Les Français s'engagent
Avant toute chose, revenons sur la notion d’engagement. Elle est polysémique et utilisée dans des domaines aussi divers que juridique, médical, historique, ou militaire.
Cette notion se caractérise par des actions et des valeurs s’inscrivant dans un processus biographique et dans une temporalité sociale. Il s’agit d’interactions entre l’individu et le groupe et plus globalement avec la société.
Malgré un contexte de crises concomitantes, dont une crise de défiance institutionnelle et un affaiblissement des corps intermédiaires, les Français continuent à s’engager.
63 % des Français se déclarent engagés, même si l’intensité de l’engagement varie1 .
Avec Adélaïde Zulfikarpasic, nous avons construit un score global d’engagement. Il est de 57/100 pour les Français, et de 60/100 pour les jeunes de 18-24 ans. D’ailleurs, 58 % des Français ont un profil « engagé » et 42 % ont plutôt un profil « désengagé ». Ainsi, contrairement à certaines idées reçues, la société française n’est pas repliée sur elle-même, apathique et individualisée.
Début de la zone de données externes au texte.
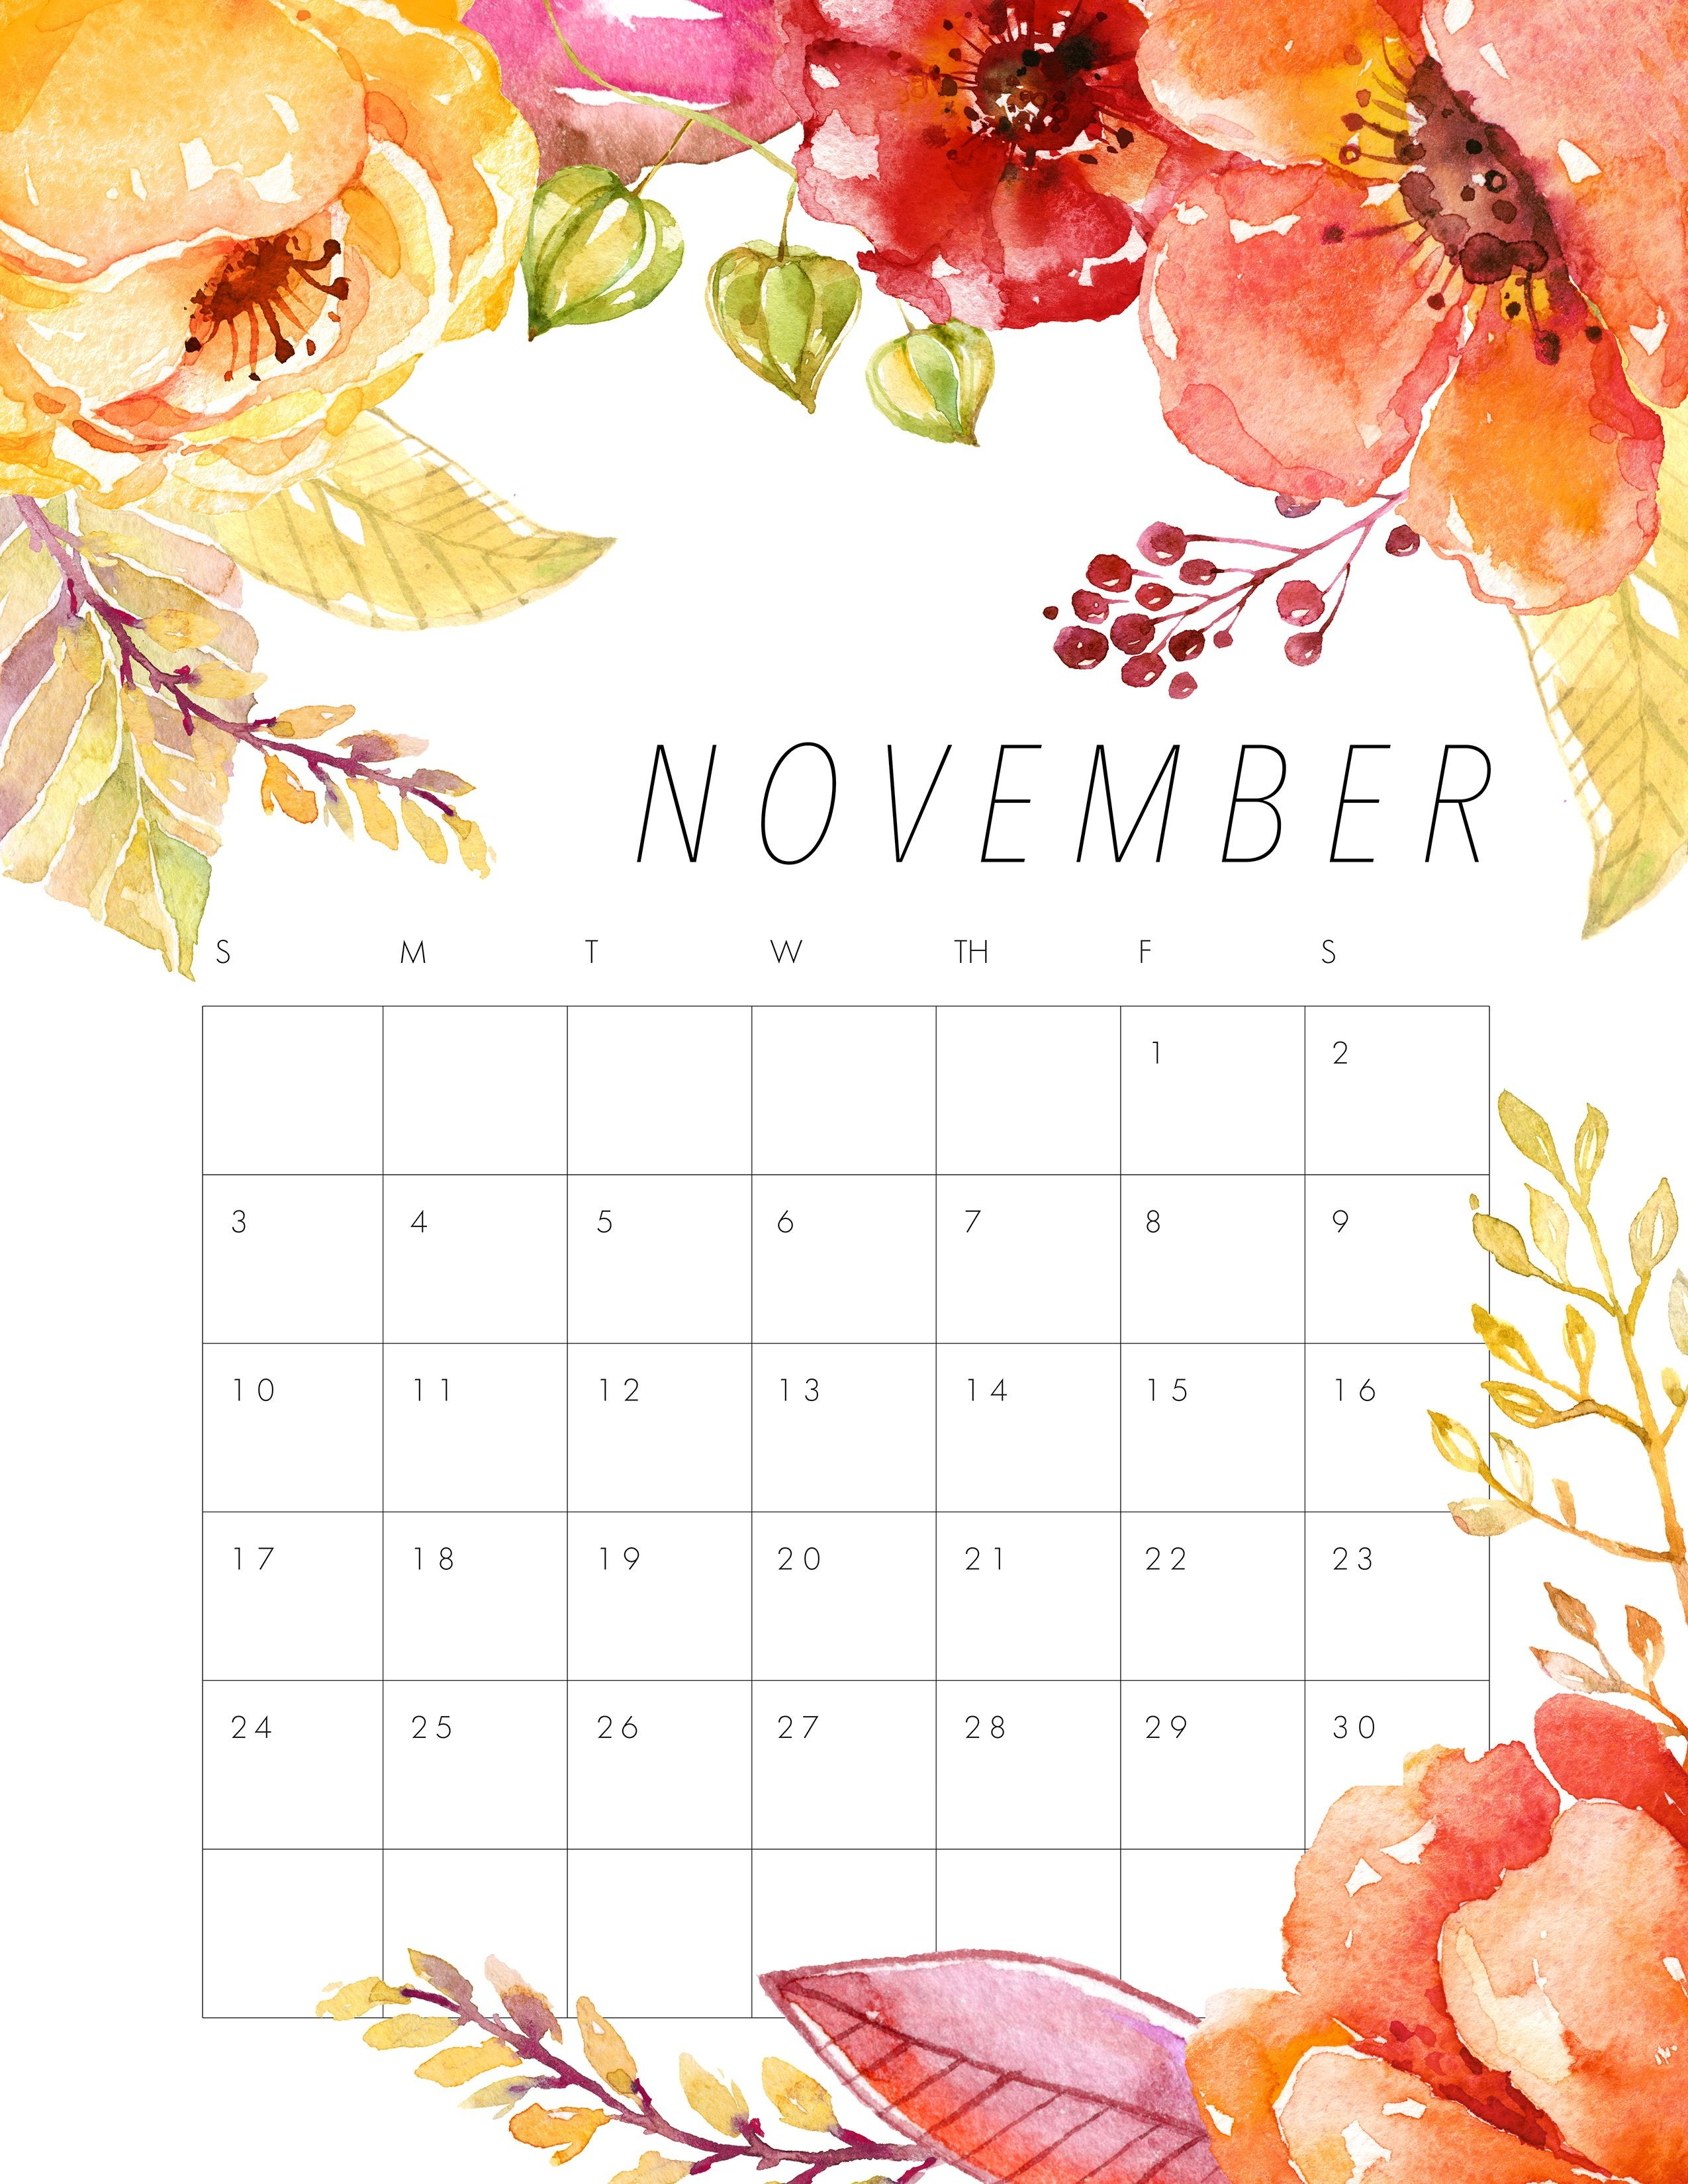 Calendario 2019 Y 2019 Más Recientemente Liberado Pin Od Použvateľa Iva Smatana Na Nástenke Planner 2019 Of Calendario 2019 Y 2019 Más Recientes Urdu Calendar 2018 Usa

Des engagements protéiformes
Dans notre ouvrage Les Français sur le fil de l’engagement, nous avons identifié cinq grands registres d’engagement politique et citoyen2 . L’engagement électoral, malgré une hausse de l’abstention aux différentes élections, continue à mobiliser des millions de Français. L’engagement peut aussi être numérique, protestataire et partisan ou syndical. Enfin on peut s’engager pour une cause.
Les Français interrogés partagent une préférence pour des formes directes d’expression et de participation politique.
La majorité déclare signer souvent une pétition (54 % des Français le font souvent), faire un don à une association régulièrement (52 %) et pratiquer le boycott contre une entreprise ou une marque.
Les trois moyens d’action jugés les plus efficaces par les Français pour défendre des convictions ou s’engager pour une cause sont le fait d’adhérer à une association (71 % d’entre eux), voter aux élections (70 %) et faire un don à une association (64 %).
Des mutations à l'œuvre
Pendant la crise liée au COVID-19, des engagements plus expérimentaux sont apparus pour répondre aux besoins locaux. Les citoyens se sont mobilisés spontanément dans le cadre de solidarités de proximité.
Les outils numériques ont d’ailleurs joué un rôle clé durant cette période. Ils ont facilité la mise en place d’actions d’entraide dont les jeunes étaient à l’initiative. Le numérique démultiplie la capacité de changement et d’engagement. En un clic, un individu peut rejoindre un collectif et agir pour une cause. Près d’un tiers des Français ont recours aux réseaux sociaux pour partager leurs opinions. Ce phénomène concerne près de la moitié des jeunes3 .
Bien que la grande majorité des Français a une perception positive du mot « engagement » (82 % des Français interrogés), il ne faut pas oublier que l’engagement n’est pas nécessairement au service d’un projet de société progressiste. Certains groupes, d’extrême droite ou obscurantistes, s’engagent également et peuvent mettre en péril la démocratie.
Les Français s’engagent d’une manière protéiforme, moins pérenne et plus autonomisée qu’avant. Ce phénomène concerne tout particulièrement les jeunes qui sont plus attachés à la défense d’une cause en elle-même qu’à une structure. L’engagement est une voie indispensable pour construire un projet collectif de société, au service du progrès et de l’émancipation des individus.